Perceptual foreign accent and its relevance for simultaneous interpreting  

Robert McAllister

In Languang Processing and Simultaneous Interpreting (Hyltenstam, K & Englund-Dimitrova, B., eds.). Amsterdam: John Benjamin, 2000: 45-63.


The study of simultaneous interpreting presents a formidable challenge to the linguist and psychologist alike. Psycholinguistic models meant to shed light on the complexity of the process in question have been developed and refined by several scholars (Gerver, 1976, Moser, 1978, Levelt, 1989, de Boot, 1995). This paper is a discussion of one of the processes included in these current views of simultaneous interpretation, namely the decoding process usually referred to as "speech perception". This process involves the reception of speech sounds and their decoding into linguistic units. The discussion here is based on experimental research concerned with the perceptual performance of second language (L2) users during the perception of L2 speech.

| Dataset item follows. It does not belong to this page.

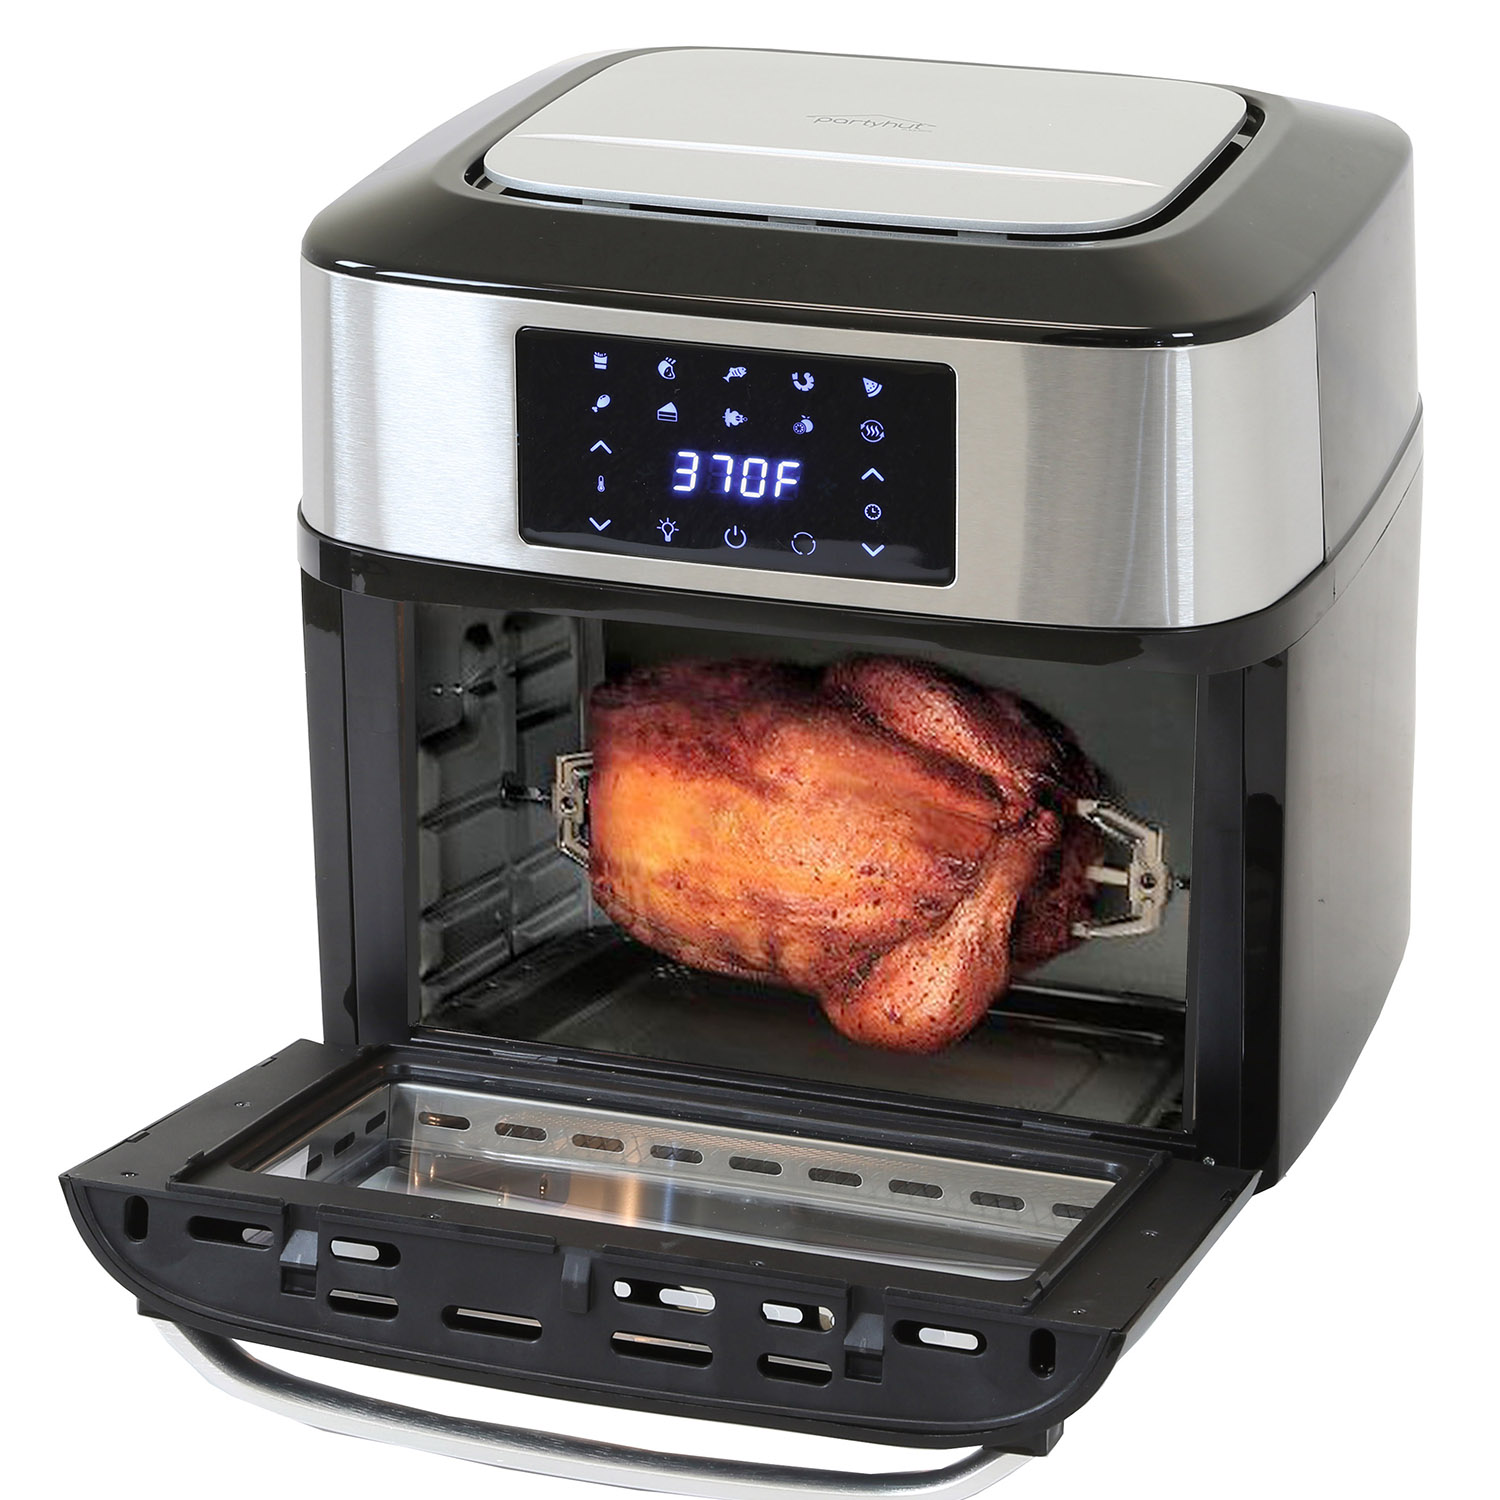 PartyHut 10-in-1 18L Convection Air Fryer Oven with Dehydrator & Rotisserie

The question immediately arises as to what extent simultaneous interpreters are similar to second language users with respect to speech perception and, consequently, whether or not evidence from the L2 users in the study presented here is of interest in the context of simultaneous interpretation. This question ultimately revolves around the issue of the definitions of "second language", "bilingualism" and how degree of mastery of a language can be assessed. The discussion of these admittedly important issues is, however, beyond the pale of this paper. We will assume that there are professionals in the field of simultaneous interpreting whose mastery of a language is similar enough to that of second language users to make this discussion relevant to the theme of this symposium.